The up-side to housework (and laundry, and cooking, and errands....)


Whenever Rick or I complains about work, the other one says “Yeah, that’s the down side of having a job. The work.”

I was thinking about that this past weekend as I tried not to feel overwhelmed with household tasks. I’d had an especially busy work week – normally I’m at home mornings and on site with a client in the afternoons, but for the past week I’d been working on a project that had me leaving the house first thing in the morning and gone for eight or ten hours every day – and had that busy-mom feeling of the house falling down around me.

But then I reminded myself: No, the house is not falling down around you. It could use some vacuuming. It could use some dusting. Emptying the wastebaskets wouldn’t be a bad idea, and everyone would benefit from a load or two of clean laundry. But the house isn’t falling down.

And that brought me back to thinking about what Rick and I say about work. The down side of having a house is the housework, but conversely, the up side of housework is that it means you have a house. I thought about various people we know in Colorado, none of whom have lost their own homes but several of whom have seen their neighbors lose theirs, and some of the people we know can’t access their homes reliably even if their houses are still standing, so they have to temporarily move out. If your house washed away in a flood, I reminded myself, you wouldn’t have housework. Better to have the house….and the housework.

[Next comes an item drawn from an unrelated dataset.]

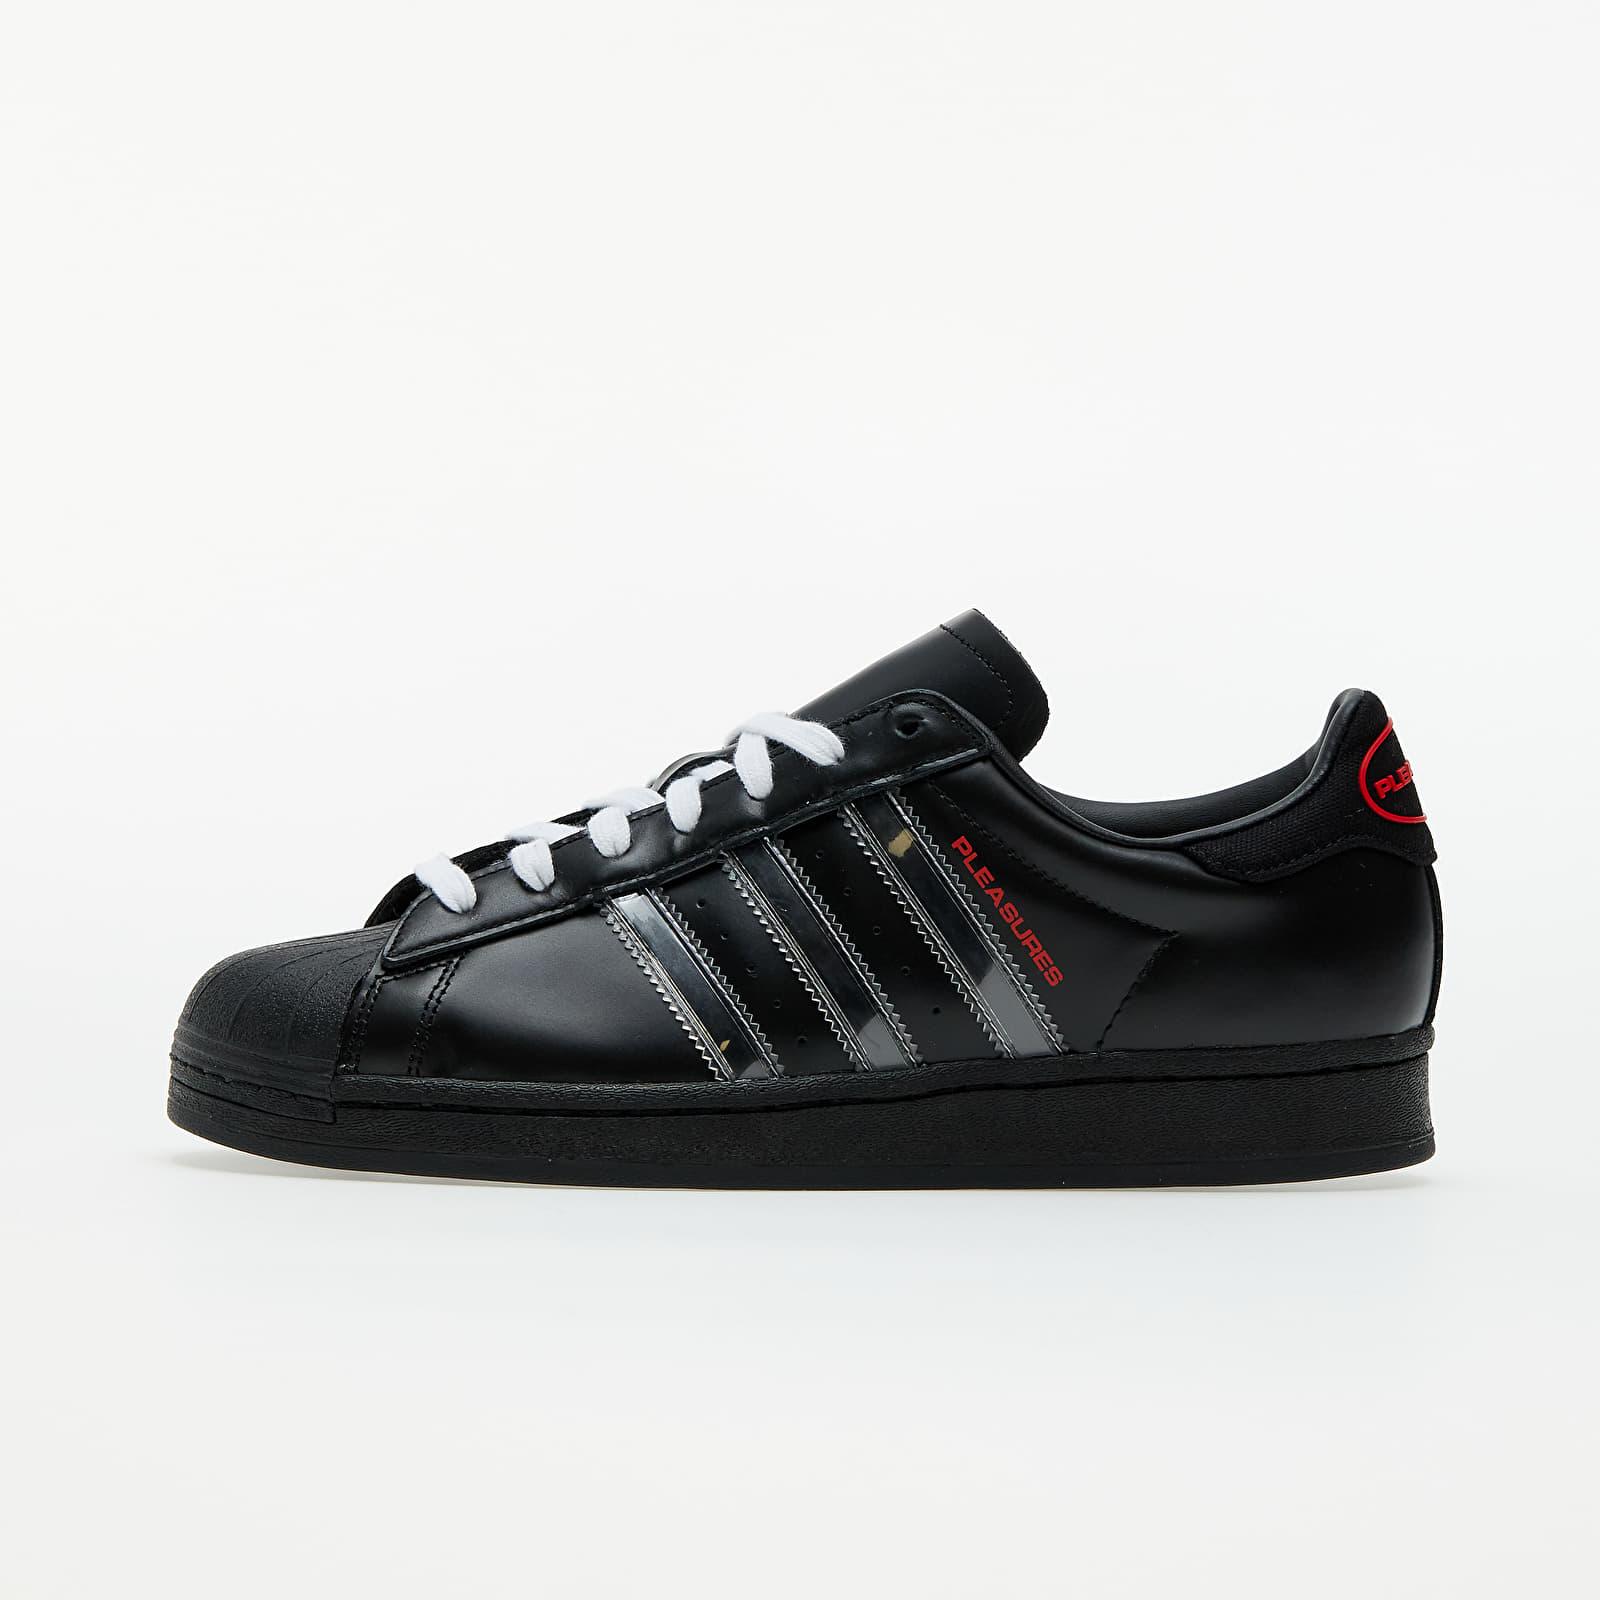 adidas x Pleasures Superstar Core Black/ Ftwr White/ Red EUR 36

And then the same message seemed so easy to extrapolate to other things. Yes, there’s cooking to do… because we have access to healthy appealing ingredients with which we can make all kinds of things. And yes, I have a long list of errands….but I wouldn’t have any errands if I had no money to spend on things we needed.

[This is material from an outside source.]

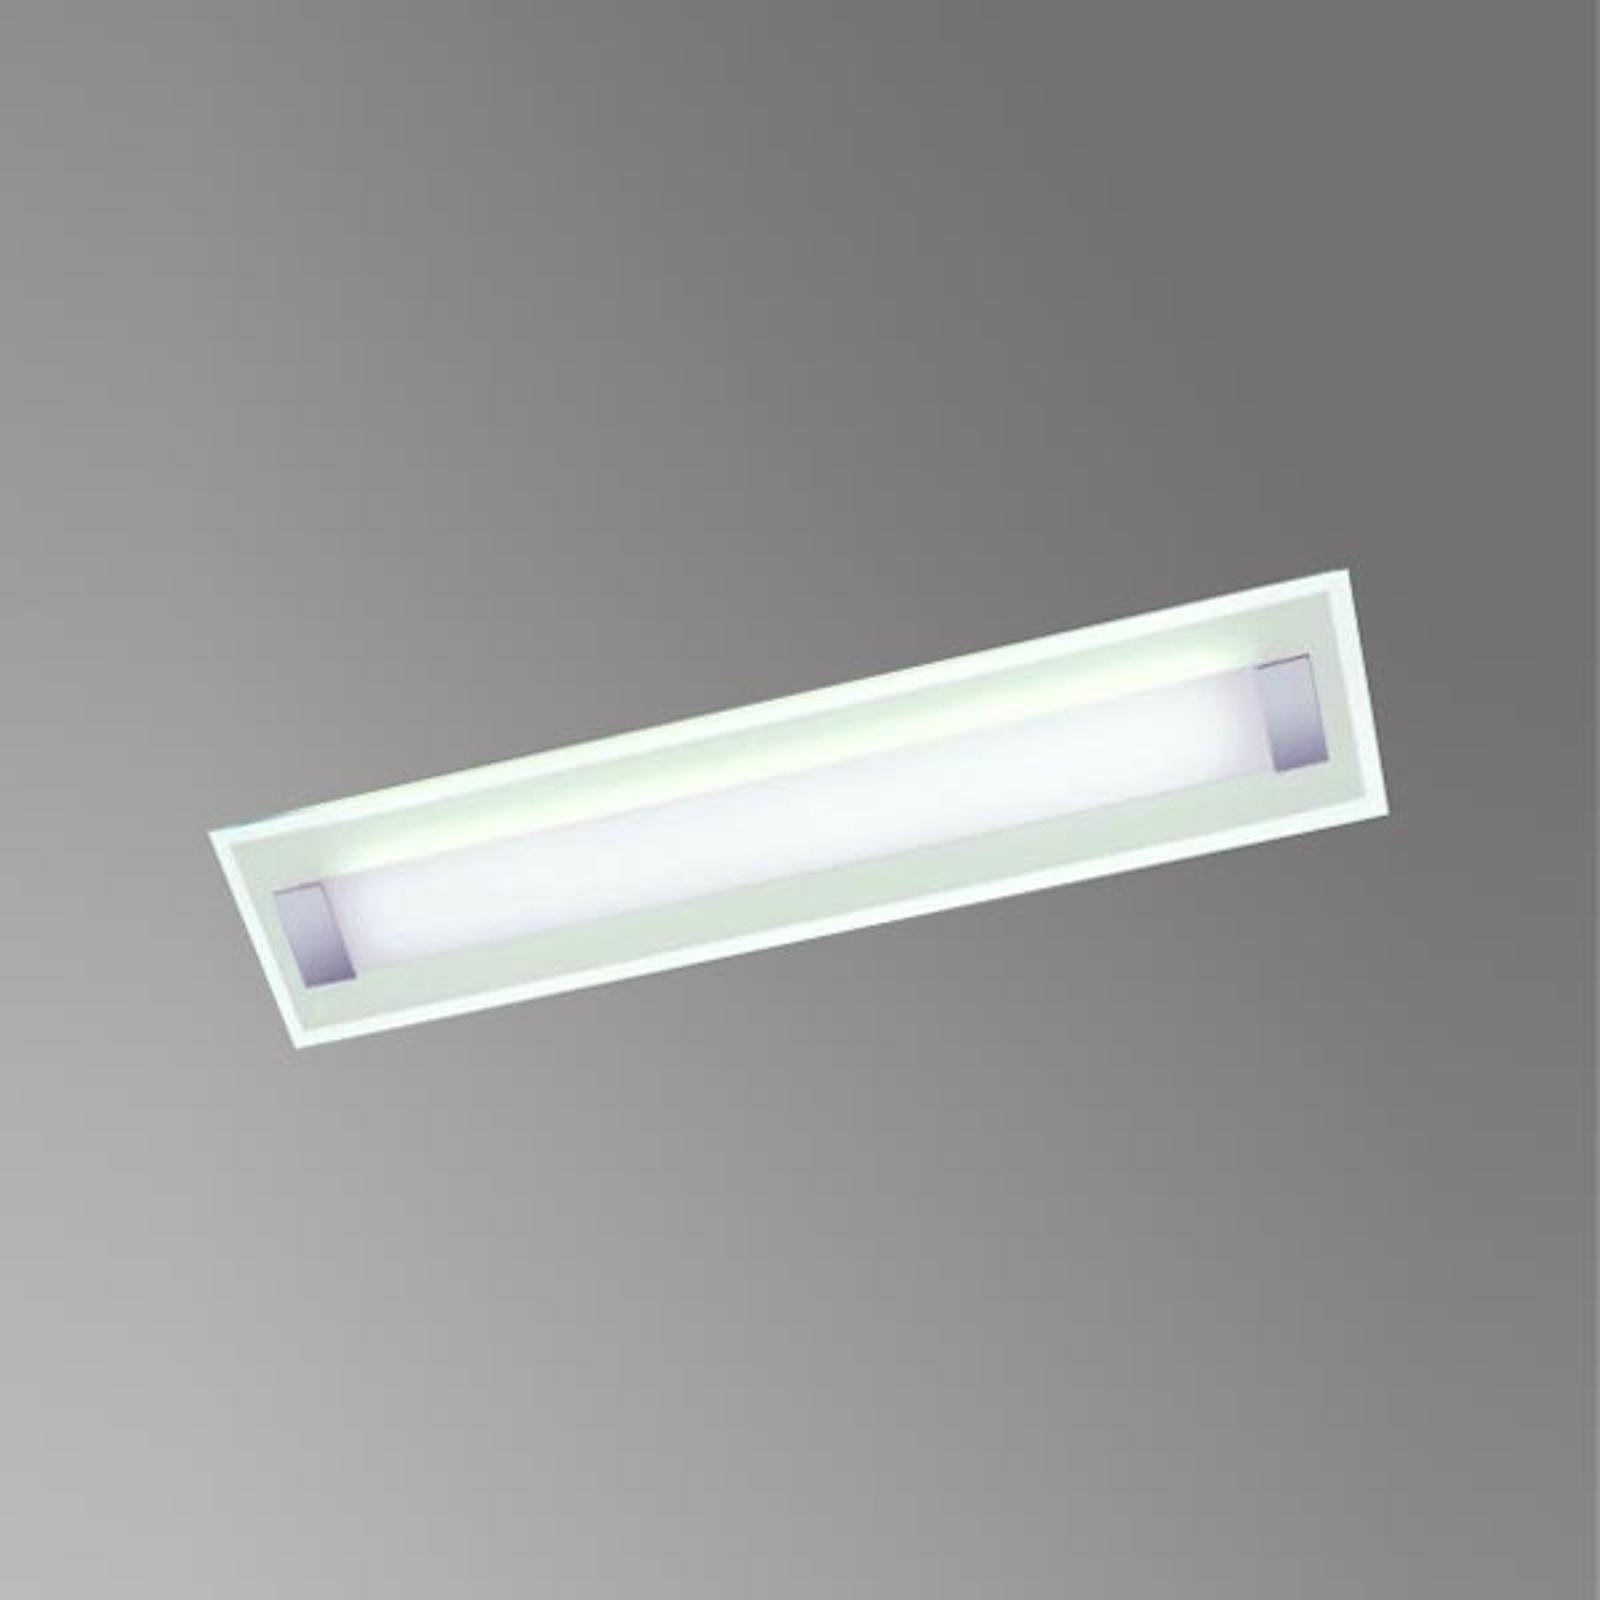 Lampa sufitowa LED XENA T z pilotem

This wasn’t just trite Pollyanna-isms. Thinking about the Colorado flood victims reminded me of what it’s like every winter when at some point we lose power for a day or two, or more: how all I want to do once the electricity has been off for a couple of days is wash dishes, even though washing dishes is never a high priority when the house is running smoothly.

Just as Rick and I say with work, the down side of having a materially comfortable life is having to take care of all those material goods. It’s reassuring to have a home, and food, and cars, and clothes. Taking decent care of them doesn’t seem like such a chore when I hold on to the perspective that these material blessings require a certain amount of maintenance. Pollyanna-ish or not, in that light, a Saturday filled with housekeeping, cooking and errands feels more like a blessing than a hassle.